# Your task
The output should be the listing below, limited to the lines from the one with "Bloomtown The Cleanse" through the one with "15275236-Green-snake-cartoon-tied-up-in-a-knot-Stock-Photo.jpg", exact and without pictures.

# Extracted records
^^^^^^^^

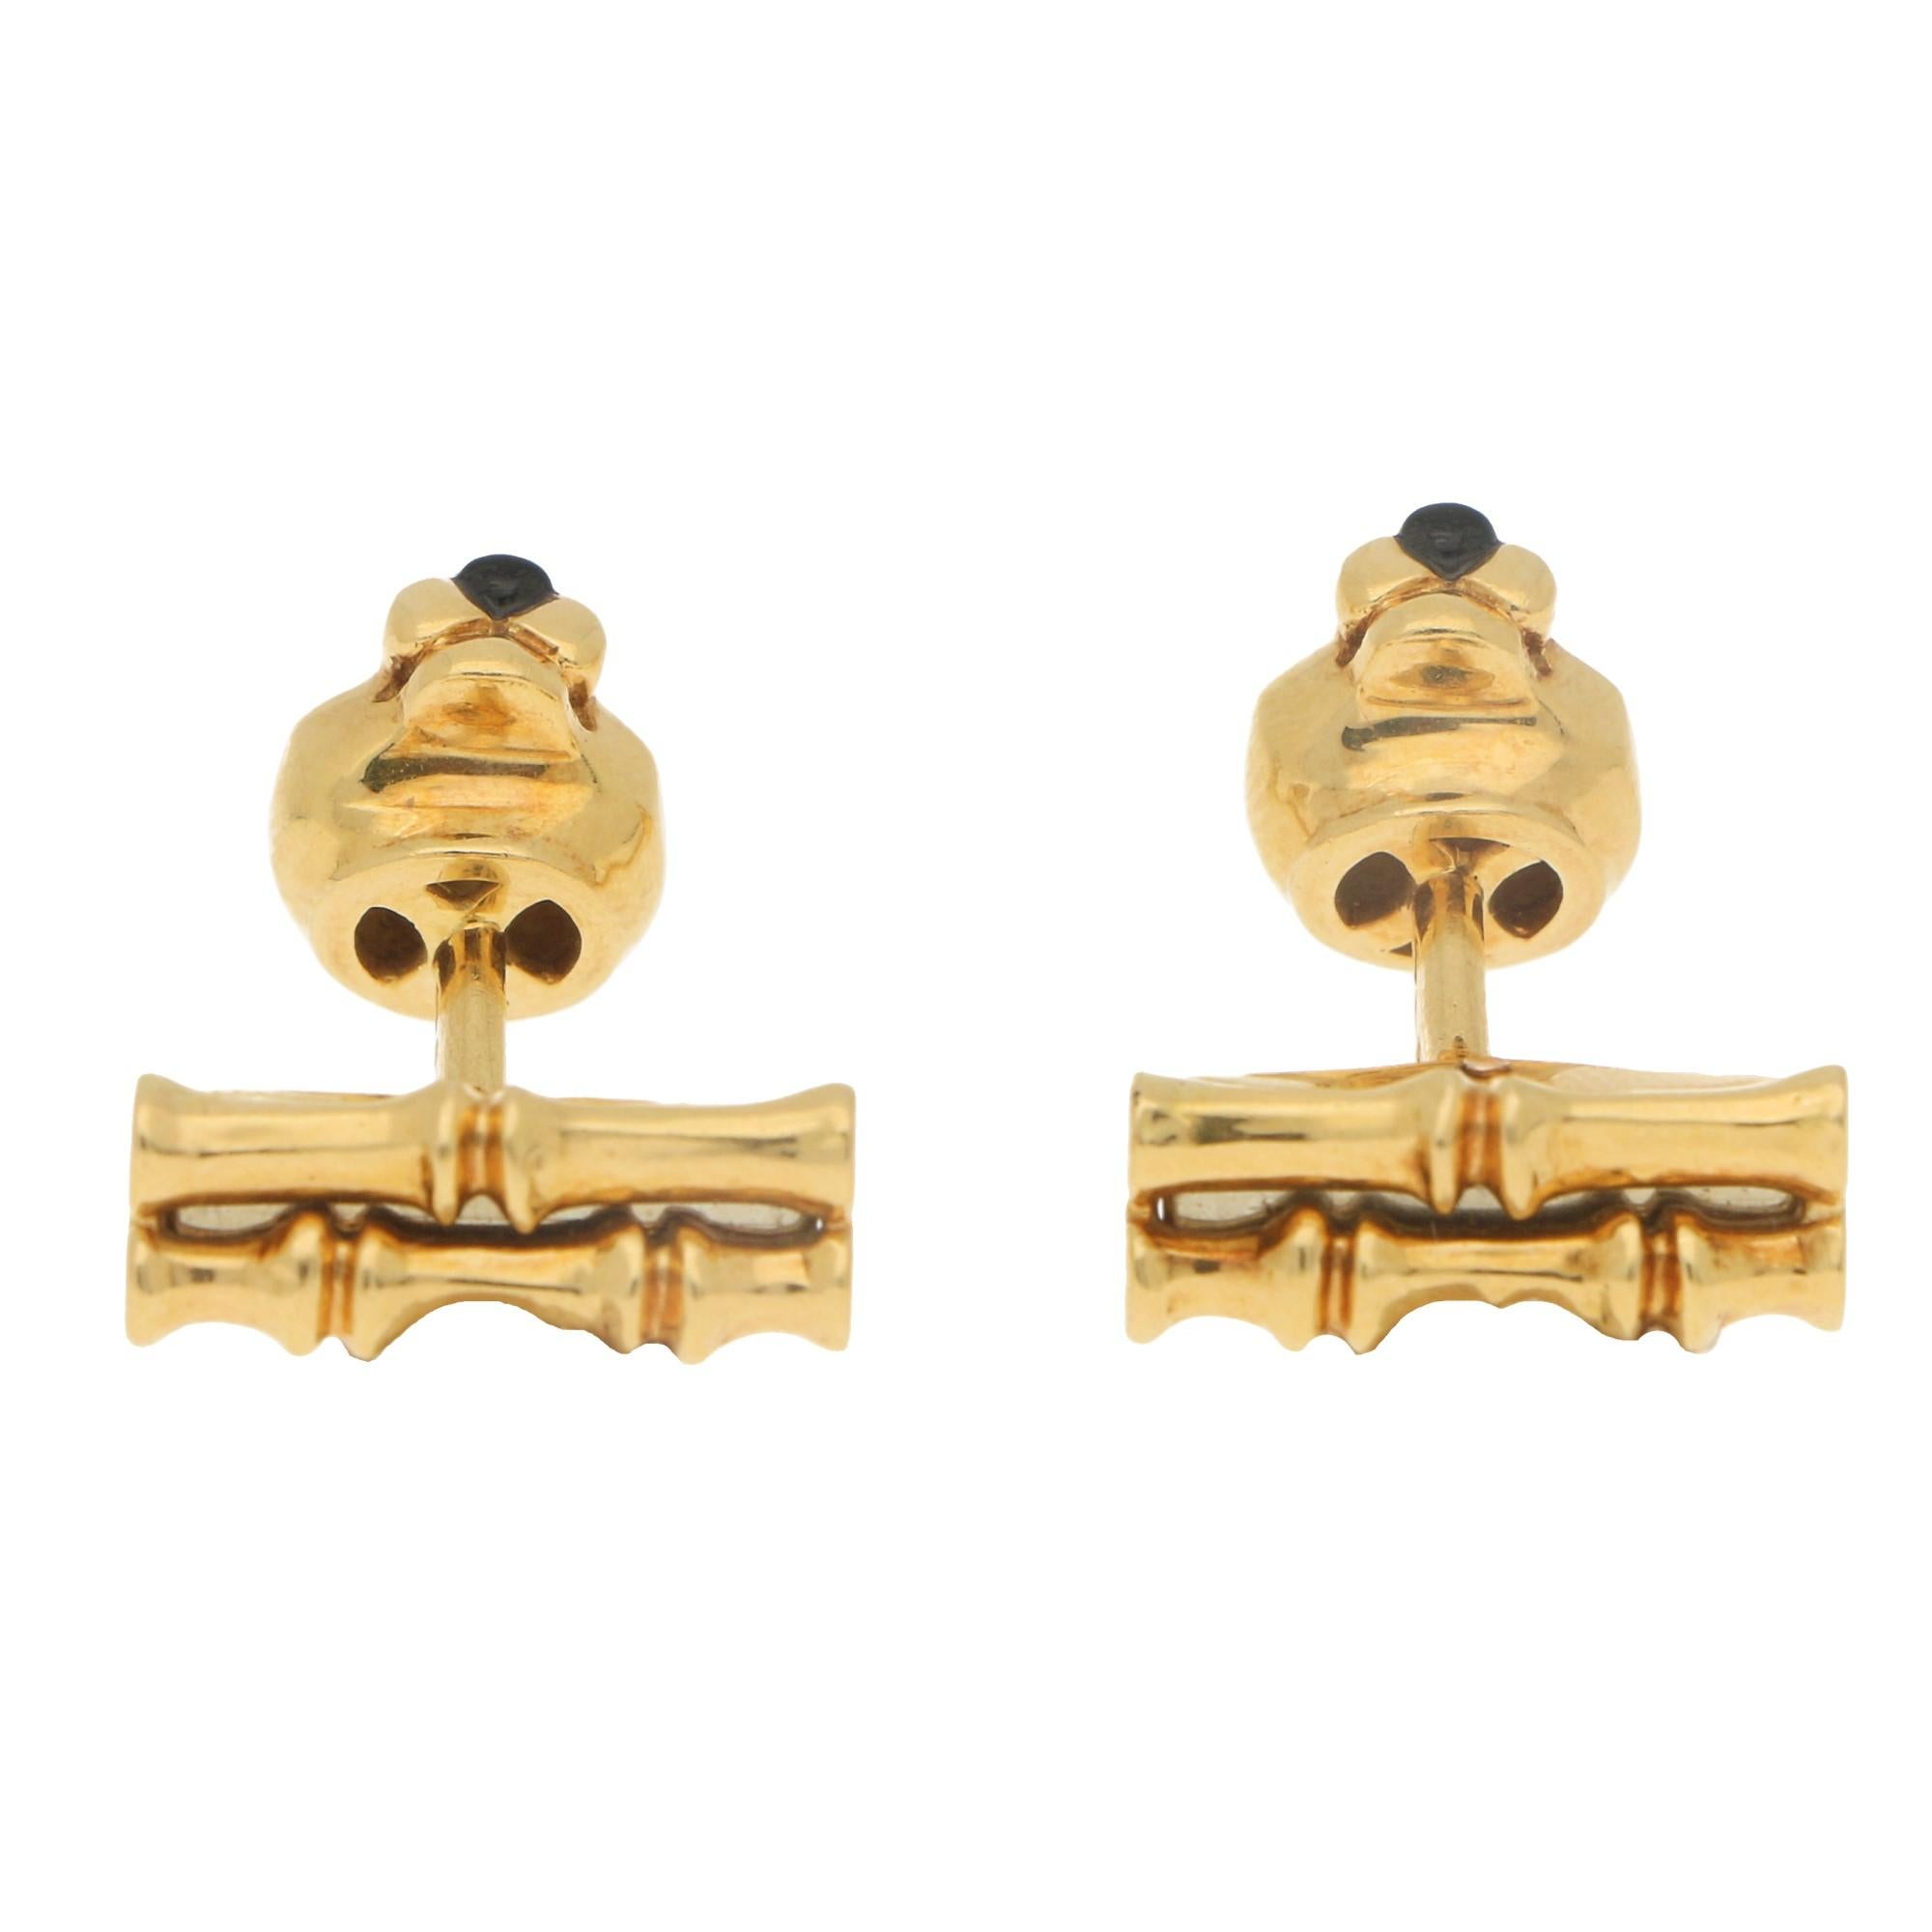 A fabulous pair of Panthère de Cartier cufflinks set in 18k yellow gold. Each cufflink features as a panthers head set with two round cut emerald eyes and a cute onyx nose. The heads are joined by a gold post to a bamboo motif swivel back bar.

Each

^^^^^^^^

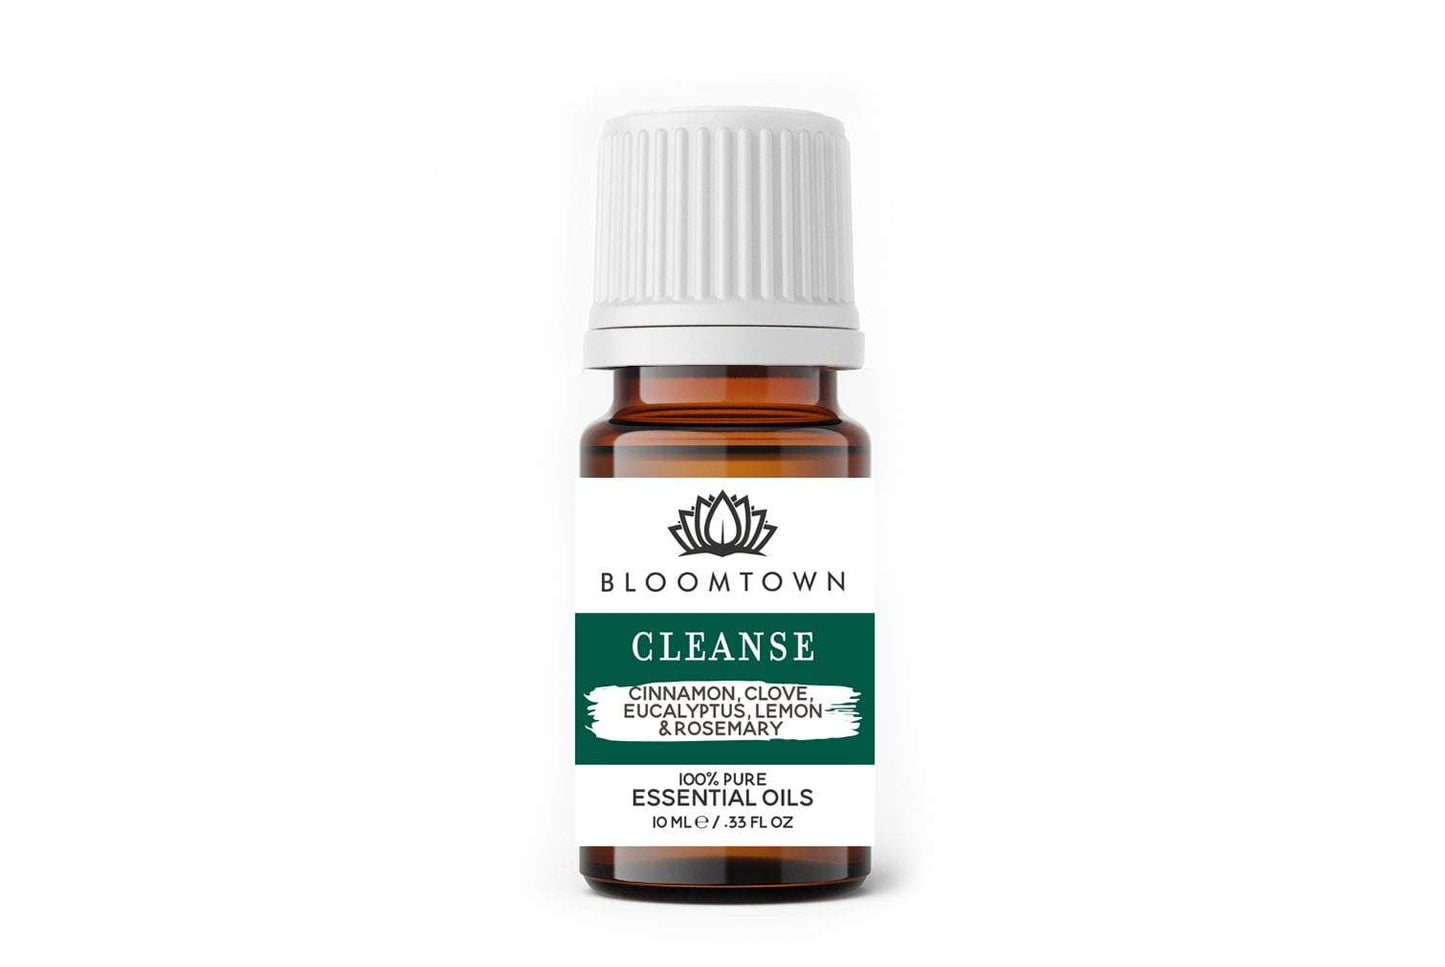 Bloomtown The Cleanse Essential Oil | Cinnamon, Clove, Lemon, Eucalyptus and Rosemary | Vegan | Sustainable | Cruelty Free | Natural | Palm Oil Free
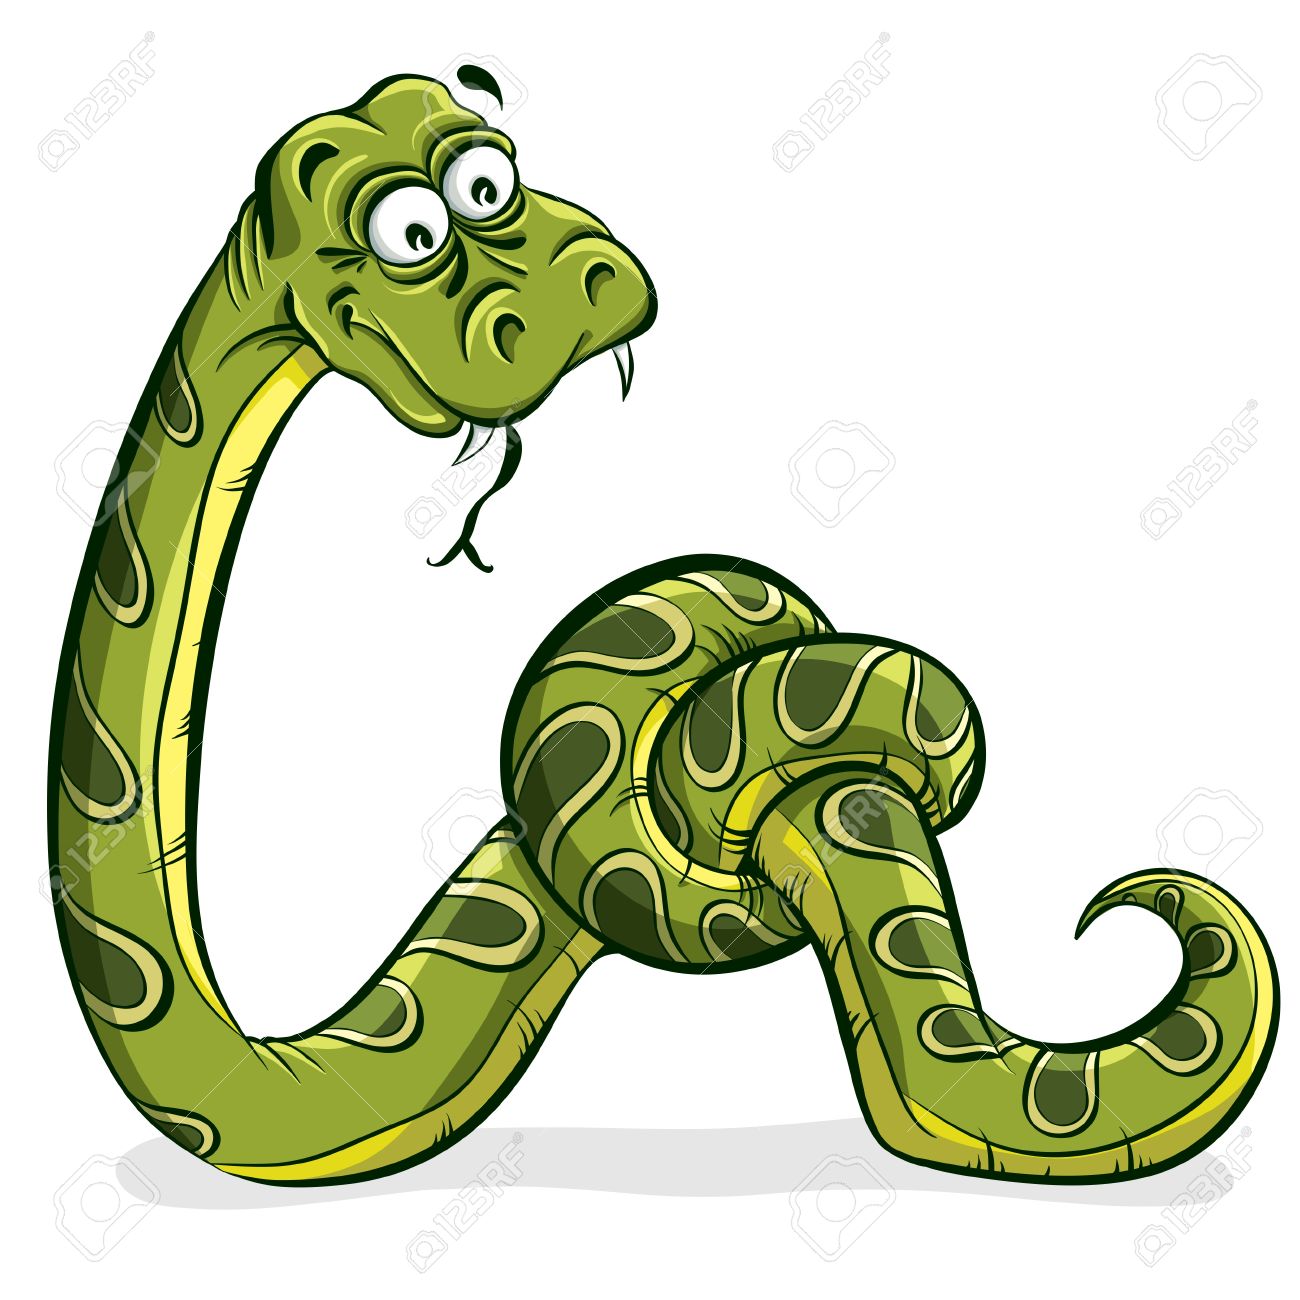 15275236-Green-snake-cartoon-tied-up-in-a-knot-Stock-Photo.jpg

^^^^^^^^

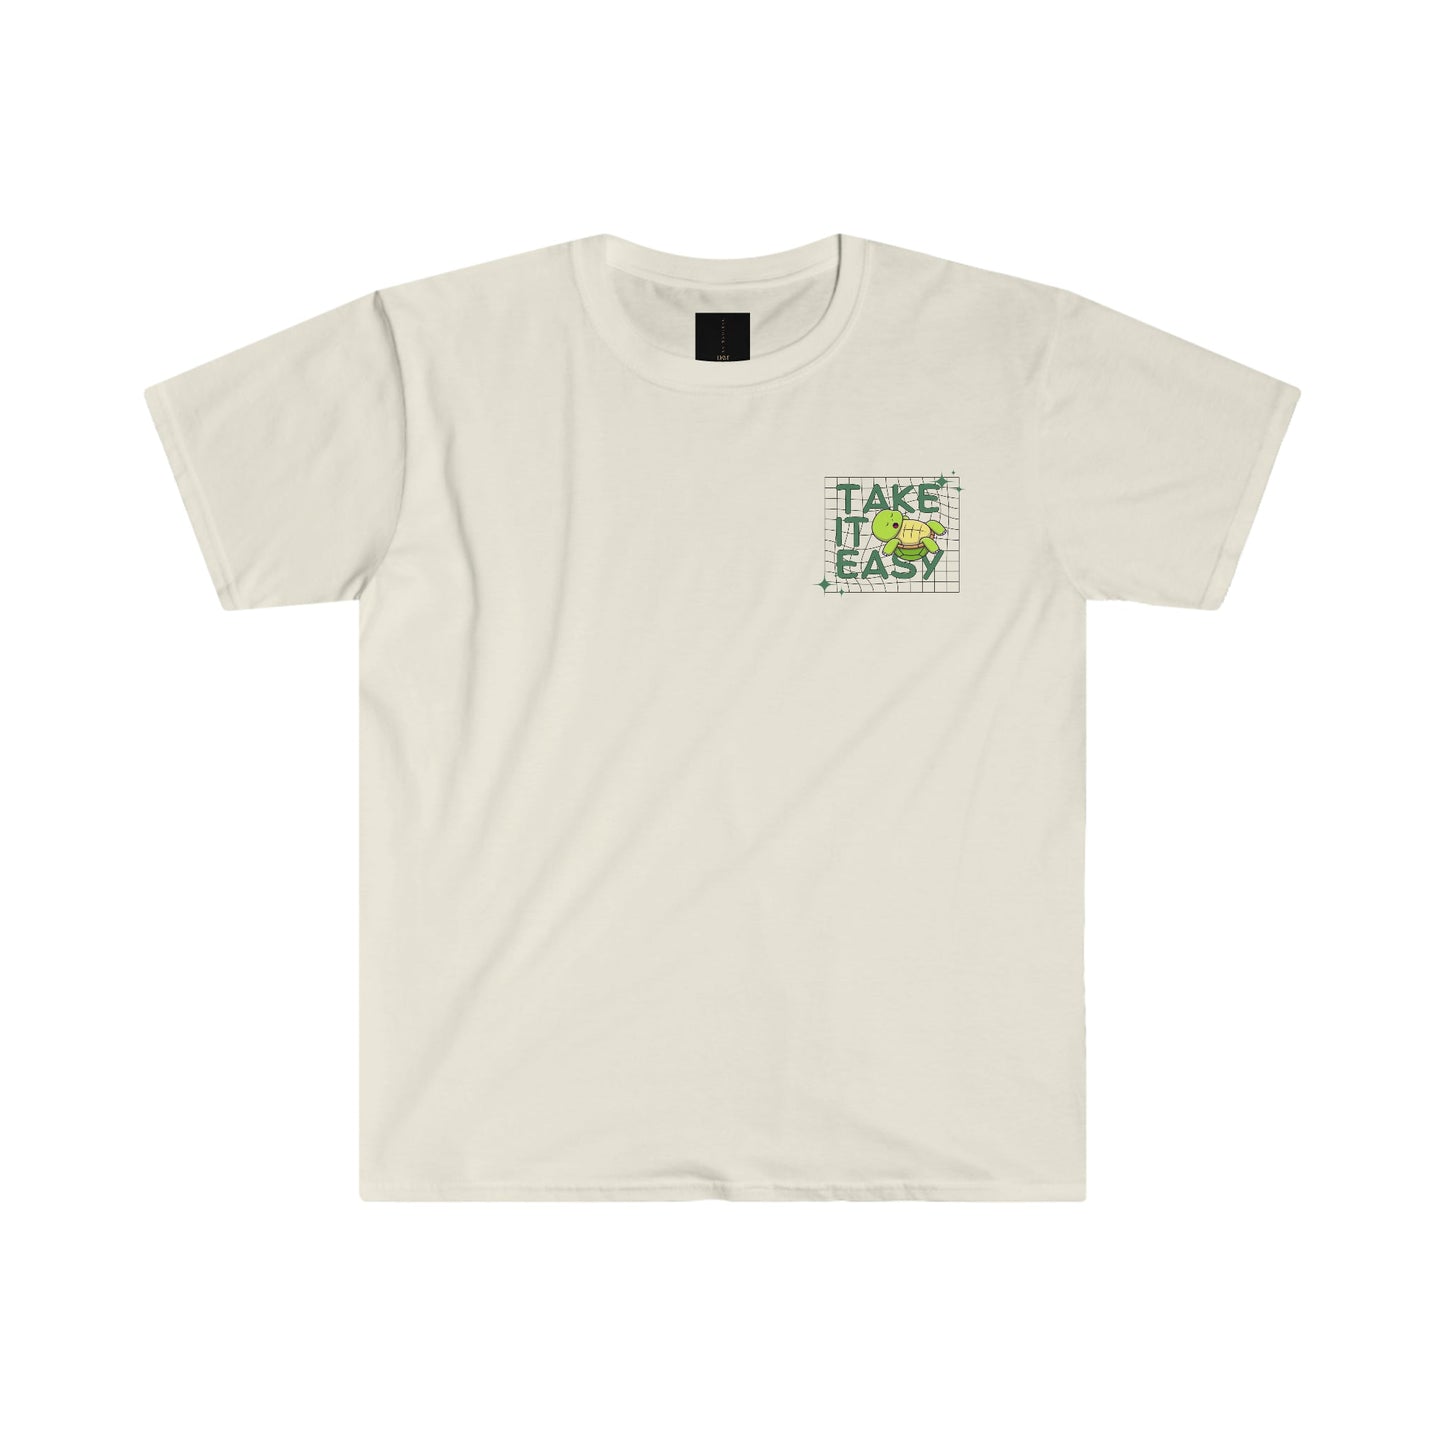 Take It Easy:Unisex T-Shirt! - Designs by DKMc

^^^^^^^^

# Your solution
 Bloomtown The Cleanse Essential Oil | Cinnamon, Clove, Lemon, Eucalyptus and Rosemary | Vegan | Sustainable | Cruelty Free | Natural | Palm Oil Free
 15275236-Green-snake-cartoon-tied-up-in-a-knot-Stock-Photo.jpg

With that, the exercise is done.